A single stretch of the material below is to be transcribed exactly, starting at the line with "17 Oktober 1989" and ending after the line with "01 ASA Day Care - introduction.jpg".

| Materials provided |
↓
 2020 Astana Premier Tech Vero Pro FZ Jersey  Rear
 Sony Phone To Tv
↑
↓
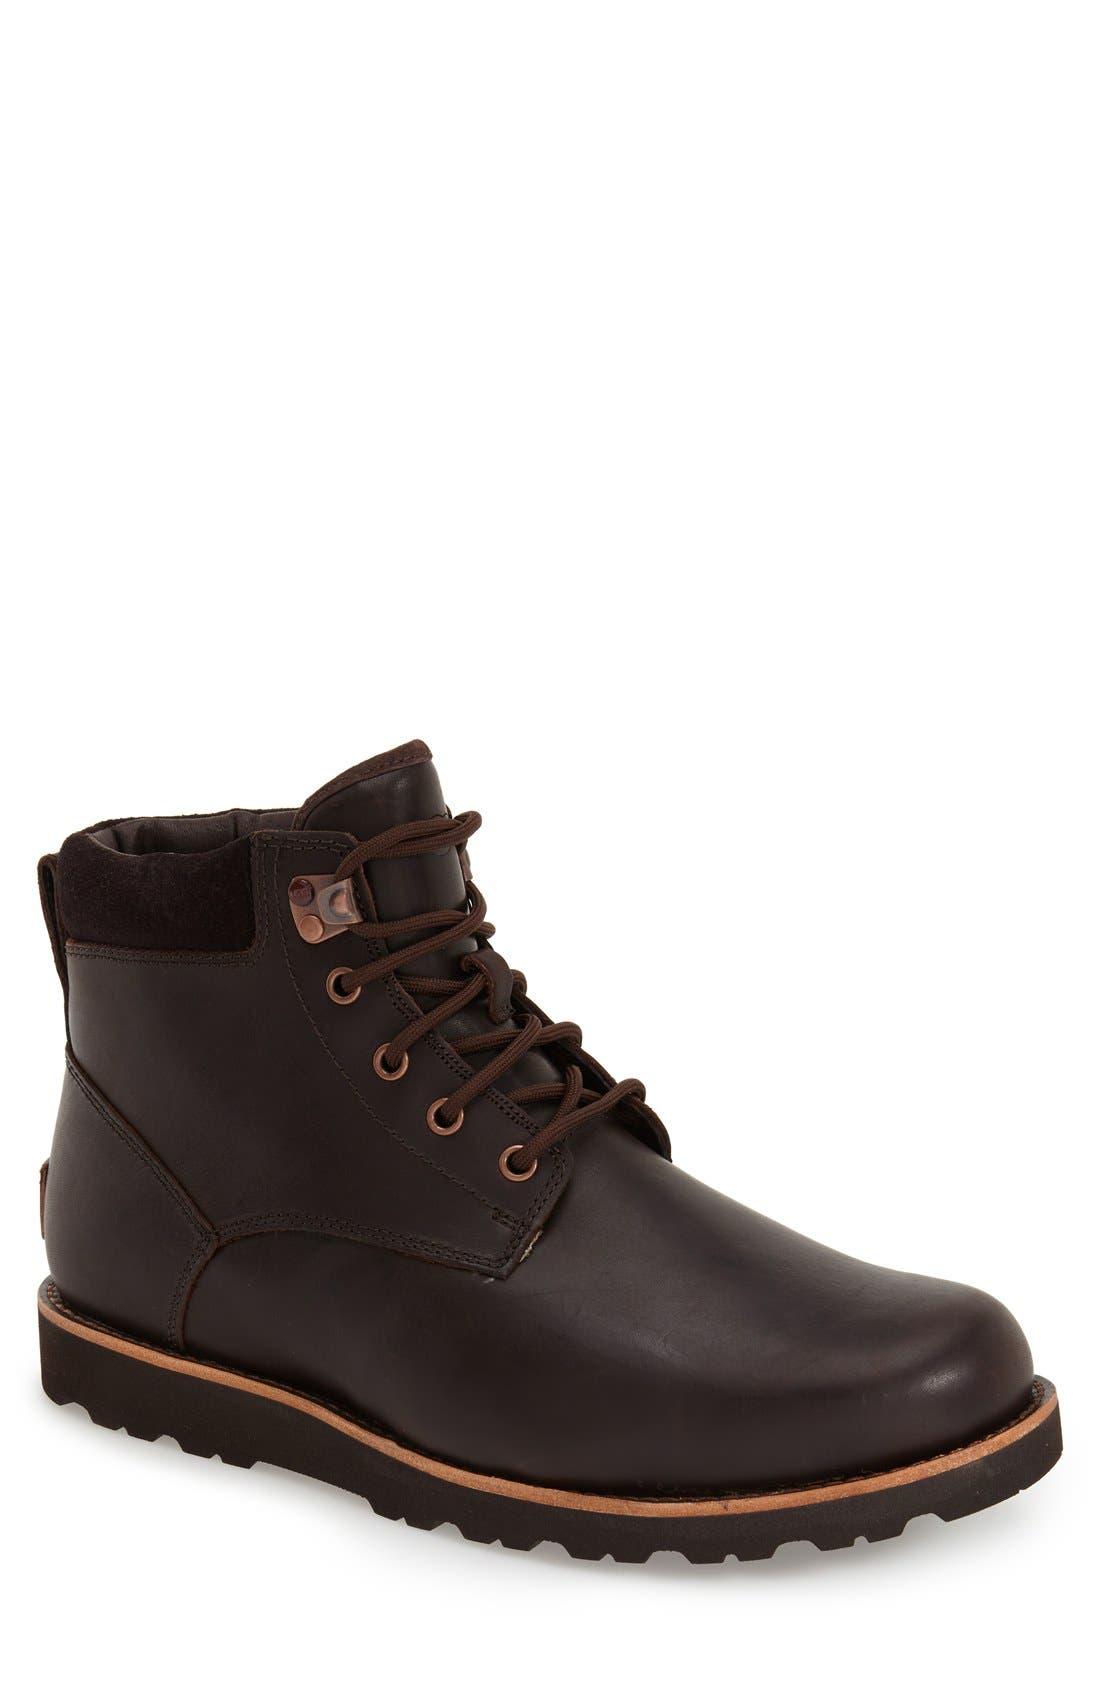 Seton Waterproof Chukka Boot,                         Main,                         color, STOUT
↑
↓
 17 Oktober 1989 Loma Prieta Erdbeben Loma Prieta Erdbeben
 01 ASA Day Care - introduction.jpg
↑
| Answer box |
 17 Oktober 1989 Loma Prieta Erdbeben Loma Prieta Erdbeben
 01 ASA Day Care - introduction.jpg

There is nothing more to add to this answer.